In more recent years, we’ve fine-tuned models to automatically assume we want text that looks like it came from that subset of authors, and the alpha of a really good prompt has thus fallen pretty significantly in the average case. It’s no longer necessary to convince a model that the next token it outputs is likely to have been written by a master programmer; the
a master programmer is writing this textneuron has been fixed toonas a product of the fine-tuning process. But pop scientific sentiment is always a few years behind the people who spend their time reading the latest papers.The most legible thing they are clearly very good at (or were, when I was following the space much more closely ~1 year ago) are jailbreaks, no?
I don’t think Janus’s crew are top jailbreakers? Pliny has historically been at the top, and while they are a cookie person, they don’t seem part of the same milieus. Do you have any links to state of the art jailbreaks they discovered or published?
It also seems pretty unlikely to me they would be good at this task. Most of the task of developing jailbreaks is finding some way to get the model to complete banned tasks without harming performance on those tasks.

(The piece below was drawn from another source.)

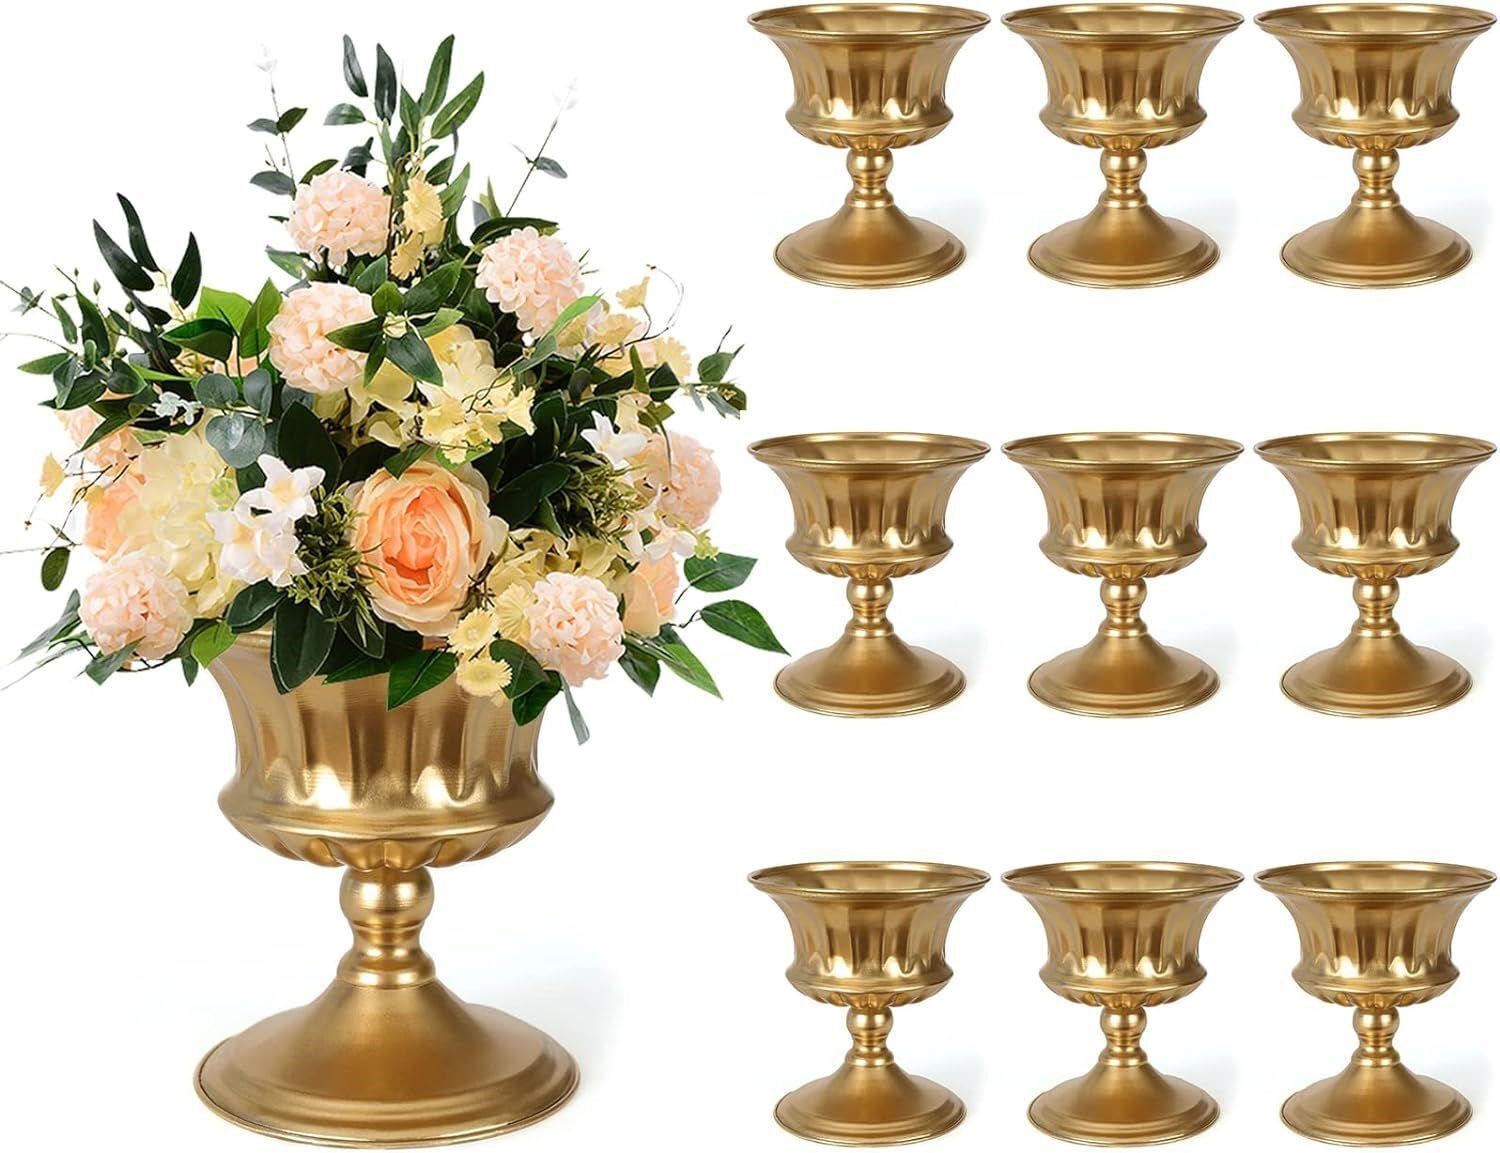 Gold Vases for Wedding Centerpieces, Set of 10

So competent jailbreak development requires capability measurements, and I feel like I’ve never seen them do that (but I could be totally wrong here).
Not easily accessible to me, I was around the space ~1.5 years ago and I don’t have saved links, nor do I know if I’d have had links at the time. If the jailbreak stuff hasn’t germinated yet, which I assume you (or the Claude instance I asked about this) would know about if it had (Claude also couldn’t find any examples), then yeah there’s less reason to think they’re the shit, and maybe Ray ends up being right.